Why Do Good Conservative Economists Endorse Pseudoeconomic Nonsense?

Former Bush economic advisor Greg Mankiw urges President Obama to stop "spreading the wealth:


Ever since your famous exchange with Joe the Plumber, it has been clear that you believe that the redistribution of income is a crucial function of government. A long philosophical tradition supports your view. It includes John Rawls’s treatise “A Theory of Justice,” which concludes that the main goal of public policy should be to transfer resources to those at the bottom of the economic ladder.


Many Republicans, however, reject this view of the state. From their perspective, it is not the proper role of government to fix the income distribution in an attempt to achieve some utopian vision of fairness. They believe, instead, that in a free society, people make money when they produce goods and services that others value, and that, as a result, what they earn is rightfully theirs.


Like AEI President Arthur Brooks, Mankiw makes a fundamental arror here is assuming that there are two approaches toward income distribution: believing either that the market is perfectly fair and all attempts to mitigate market inequality therefore fundamentally unjust, or believing in total equality. Obama and the Democrats are not pursuing anything even vaguely resembling a "utopian vision of fairness." The tax code is very slightly redistributive:



Democrats propose to make it ever more slightly so. But restoring Clinton-era rates on the rich is not a utopian left-wing plan.

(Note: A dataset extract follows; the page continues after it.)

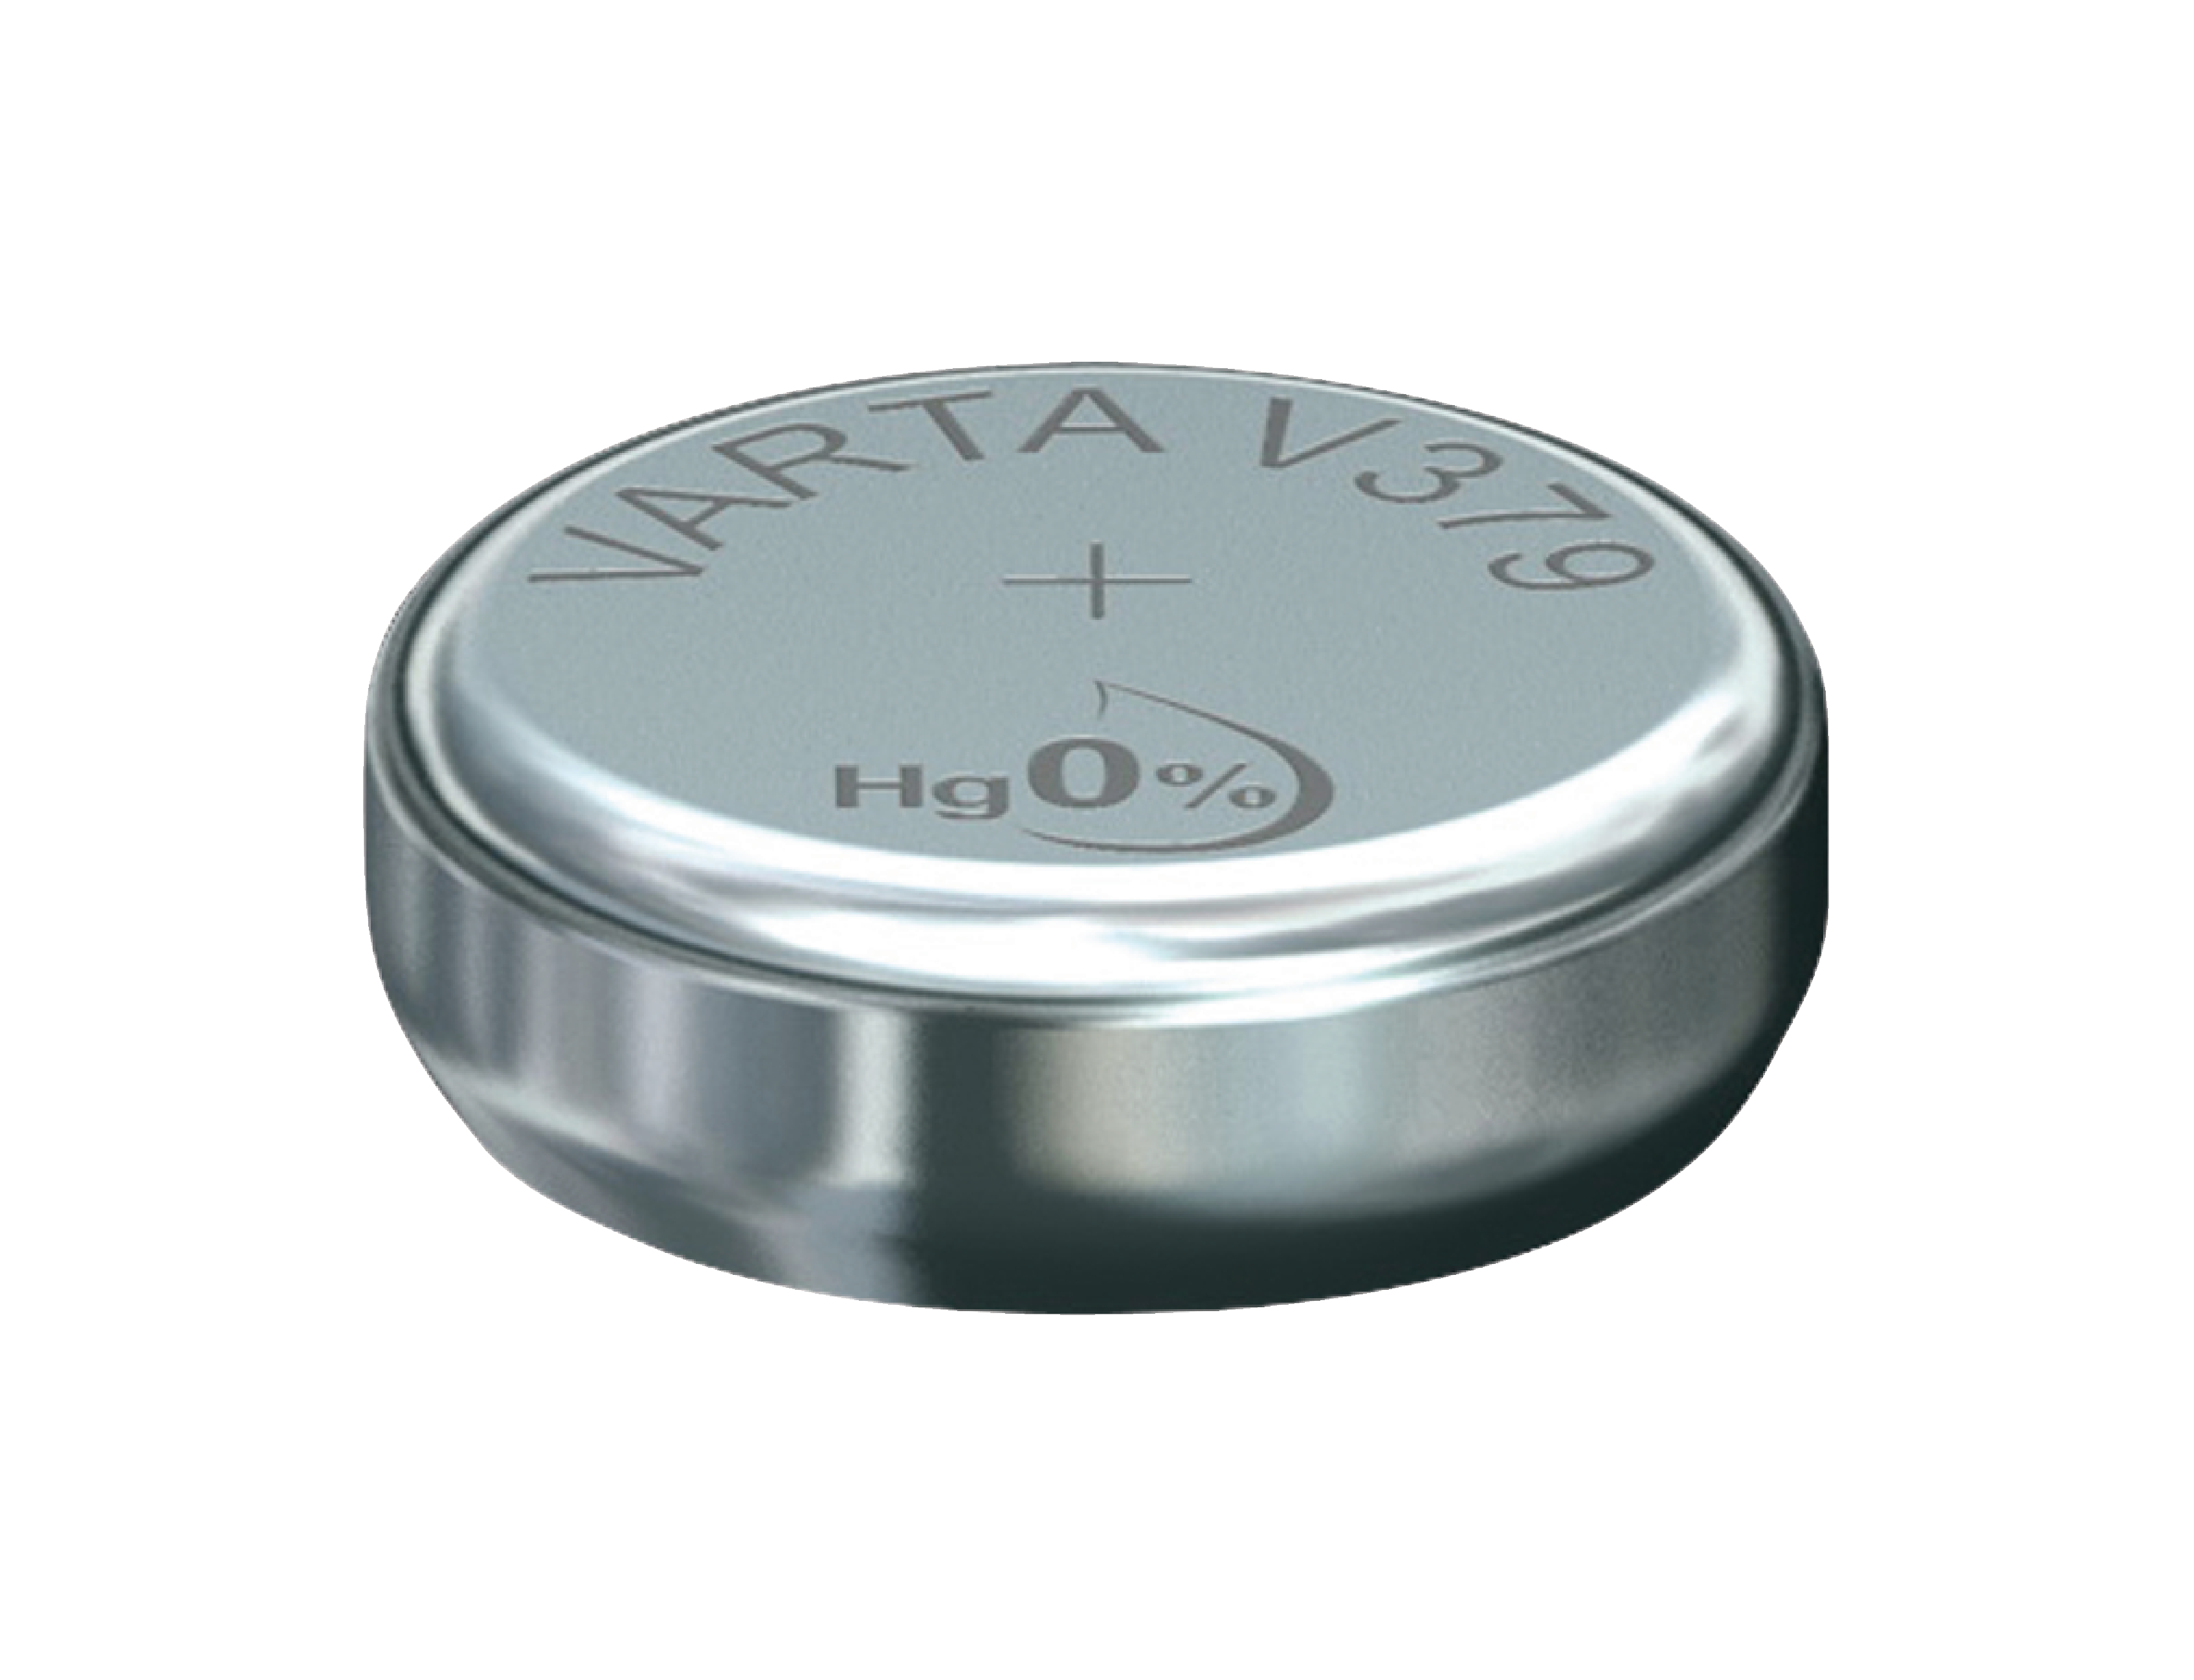 Stříbro-oxidová hodinková baterie SR63/V379 1.55 V 14 mAh, VARTA-V379

Mankiw's argument serves the useful, if inadvertent, purpose of showing how it is that at least some legitimate economists support the GOP. Republican economic policy is dominated by a debt-financed tax cuts, a policy that has no economic support. (To the extent that conservative economists can back up support for tax cutting, it is for tax cuts matched by spending cuts, which has no relation to actual Republican policy.) Mankiw is an acclaimed economist, and actually wrote a textbook describing those who claim tax cuts can increase revenue as "charlatans and cranks," despite the fact that the president he worked for repeatedly made that very argument.


So why is it that conservative economists like himself can lend their name to Lafferism and other nonsense? They're driven by their political philosophy, not their economic beliefs. Mankiw is willing to overlook the crankery of Republican economics because it furthers his philosophical beliefs. When he advocates Repiublican policies, it is generally Mankiw the amateur political philosopher speaking, not Mankiw the economist.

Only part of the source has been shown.